The counter argument from Dr. Kindler was that Bilimoria’s technique is very risky and unproven. Bilimoria admitted that he would have to remove a vital artery that supplies blood to my liver. His technique which has been done 29 times in Japan and once here in the U.S. involves re-routing blood to the liver through a secondary channel. The one case here in the U.S. was Robert Dipzinski, an Elgin heavy equipment operator, who Bilimoria operated on last year.

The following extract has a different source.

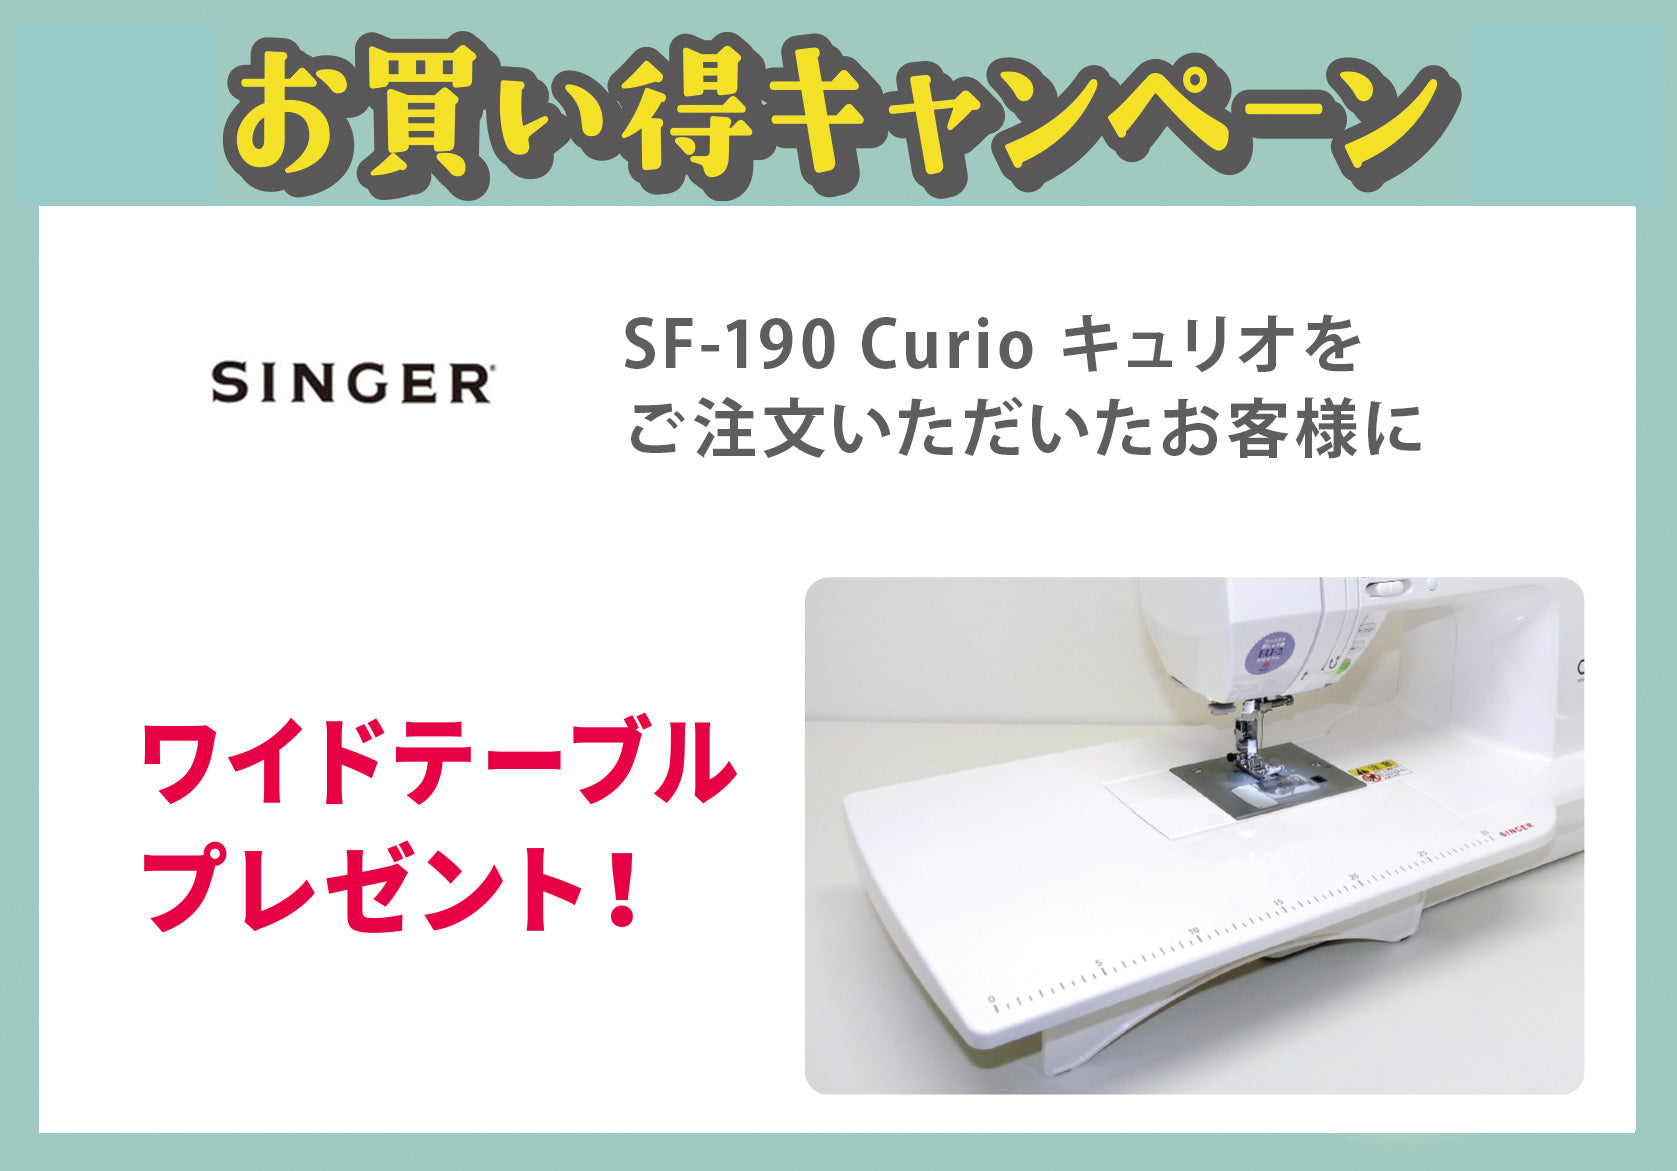 シンガー コンピューターミシン SF-190 Curio キュリオ 【送料無料

I met Dipzinski at a cancer support meeting. He credits Bilimoria with saving his life. It was a long and complicated surgery from which he is only now recovering. My U of C doctors advised that such an operation is not only dangerous but would leave me vulnerable to a renewed cancer attack. In light of my progress at shrinking the tumor, I’ve decided to stay with the U of C guidance.
I just finished a clinical trial with high intensity radiation. Next week, I’ll find out if this has further shrunk the tumor. For now my quality of life is good due to the absence of chemo hangovers and a gradual recovery from radiation fatigue.
I try to keep in mind the haunting words of Dr. Martin Luther King, “Like anybody I would like to have a long life. Longevity has its place. But I’m not concerned about that now.” I just want to be able to hang in for as long as I can. I want enjoy my last chapter by making sure that my family is in good shape. And I want to be an example in the struggle for a just society.